Буквы закончились как раз вовремя. Открылась тяжёлая дверь, и они вышли из подъезда, оба чем-то серьёзно обеспокоенные. В лице девчонки не было ни кровинки, достойный супружник ей что-то убежденно говорил. Отсюда не разобрать, что именно, но точно не свежий анекдот. «Всё-таки есть в мире справедливость», – мстительно подумала Галина и пожелала курице долгих мучений.
Идея облагородить лишним трупом этот двор вдруг потеряла свою привлекательность. Ведьма отряхнула джинсы, последний раз взглянула на слепые окна и пошла прочь.
Из входа в подвал, частично заложенного кирпичами, высунулась хмурая усатая морда. Бильбо орал, как потерпевший, звал подругу, но так и не вылез.
Мост окутывала густая пелена тумана, где-то внизу угадывалась река. Кругом ни души. Отличное место! Прыгать невысоко, но глубоко. Может, лучше что-нибудь привязать к ногам, чтобы не выплыть ненароком?
Галина Николаевна постояла немного, облокотившись на влажное ограждение, затем сняла ветровку и решительно перекинула ногу через ограду. Теперь она стояла на узкой, в полступни шириной, бетонной полосе, держась за скользкие прутья отведенными назад руками. Один шаг, и всё будет кончено. Один лишь шаг... Или проще отпустить ограду и податься вперед?

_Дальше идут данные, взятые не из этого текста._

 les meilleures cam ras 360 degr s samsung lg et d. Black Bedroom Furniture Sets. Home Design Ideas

– Когда летишь с моста, внезапно понимаешь, что все твои проблемы решаемы. Кроме одной: ты уже летишь с моста, – раздался откуда-то слева насмешливый голос.

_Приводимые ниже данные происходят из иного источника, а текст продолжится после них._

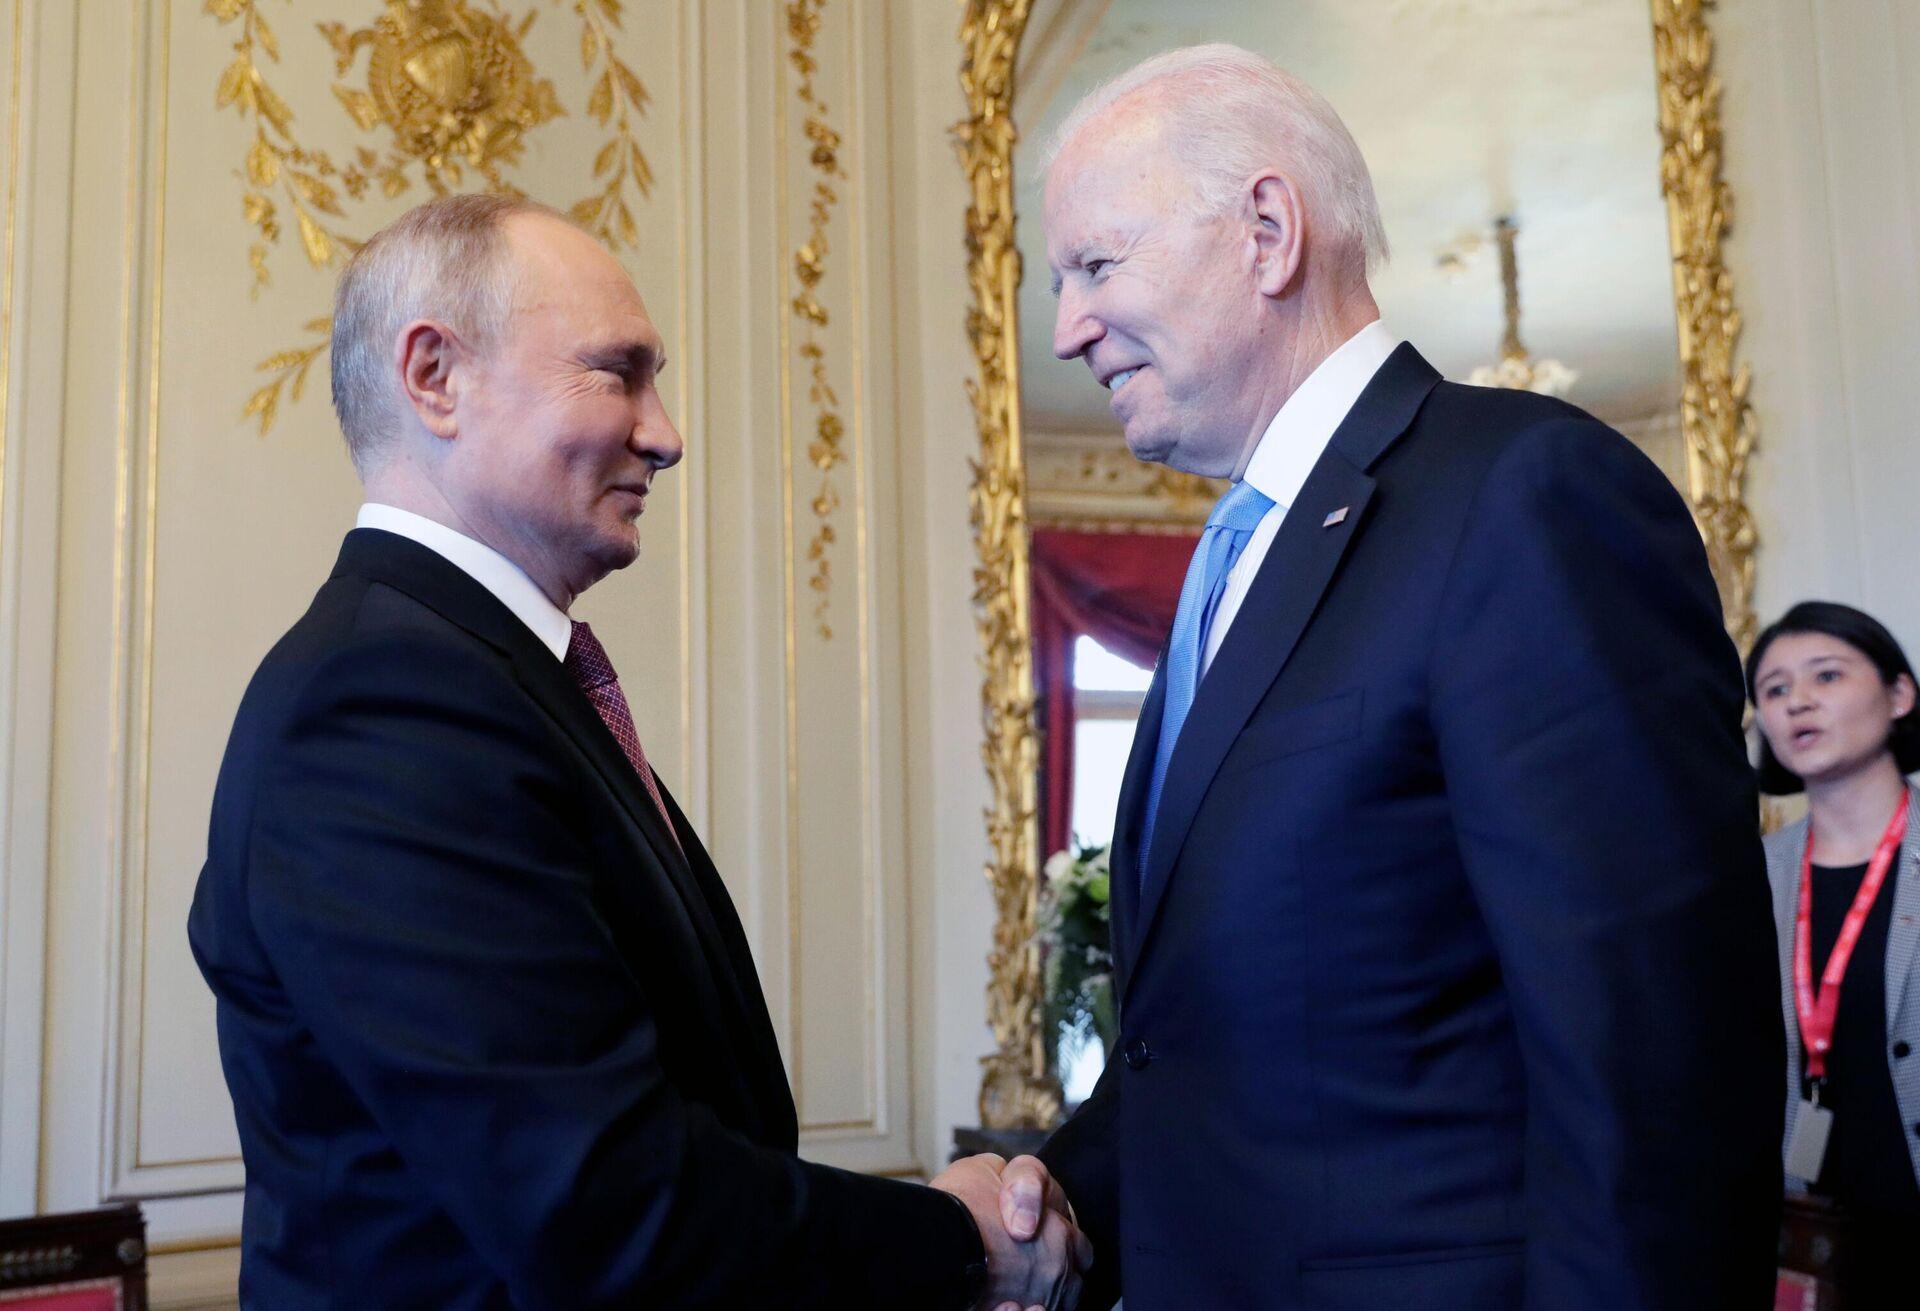 L'incontro bilaterale tra Putin e Biden a Ginevra - Sputnik Italia, 1920, 10.09.2021

Чудом не выпустив скользкой опоры, Галина обернулась. По ту сторону перилл стояла закутанная в плащ женщина. Не дождевик – настоящий болотно-серый плащ с капюшоном на манер одеяния волшебников эпопеи Джоан Роулинг. На светлых волосах неизвестной оседали капельки влаги, а пальцы желтоватых костистых рук унизывали перстни. В руках она держала мокрую Галинину ветровку.
– Не подходите! – хрипло каркнула Галина, чувствуя, как сводит напряженно стиснутые кулаки. Свинцовая гладь реки то удалялась, то приближалась. – Мне плевать, что вы там себе думаете! Я хочу умереть, ясно?!
– Нет, не ясно.
– Это ваши проблемы!
– Мне неясен ваш мотив, – хладнокровно продолжила женщина в плаще. – В вашем распоряжении больше двух столетий. Сколько полезного можно сделать, сколько вечного! Сколько детей родить, деревьев посадить, а вы вздумали лишить себя этого, да еще так бездарно! Я разочарована, Галина Николаевна.

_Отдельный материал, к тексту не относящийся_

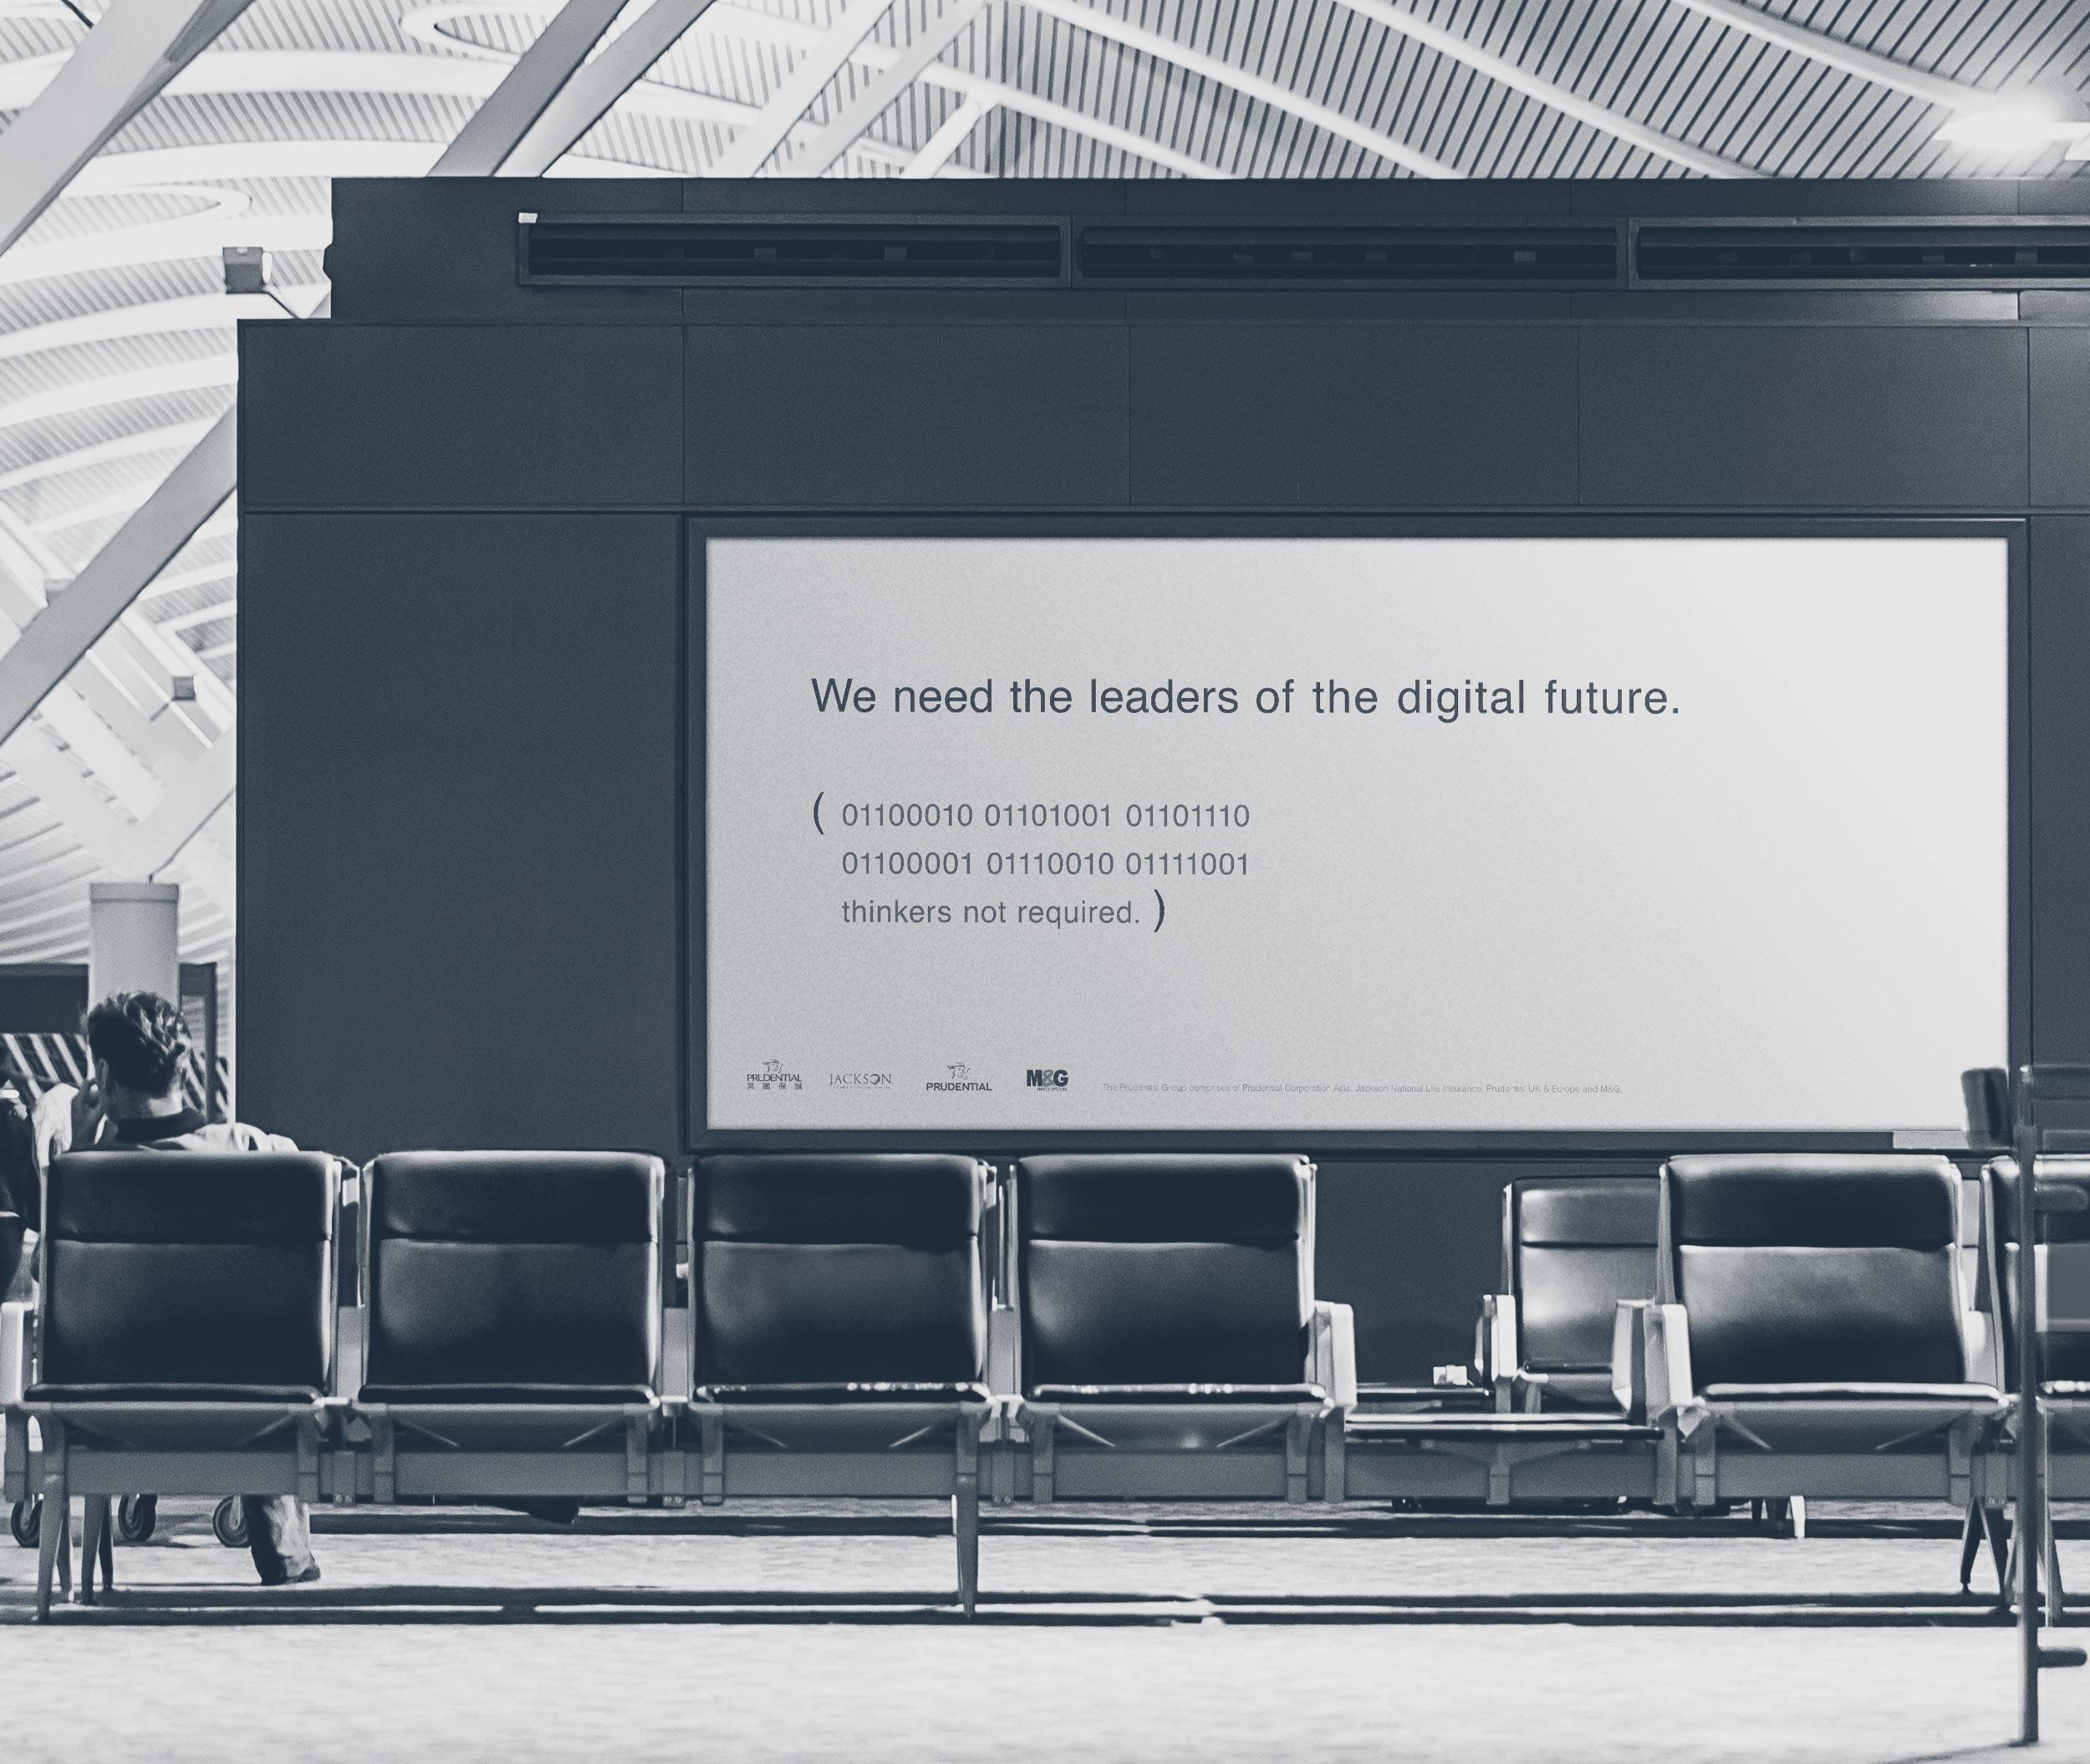 Prudential Next Generation airport billboard advertisement

Онемевшие пальцы прилипли к ограде, подошвы ботинок буквально вросли в бетонную полосу.
– Отпустите меня! – Галина задергалась, но мост держал крепко.
– На самом деле, вы вовсе не хотите умирать. Вы вся дрожите, вам страшно. Вы мечтаете всё вернуть, но не знаете как. Прыжок с моста не выход, а всего лишь вход в новую дверь. А кто будет закрывать старую? Нехорошо оставлять нараспашку, Галина Николаевна, каждой двери – свой ключ.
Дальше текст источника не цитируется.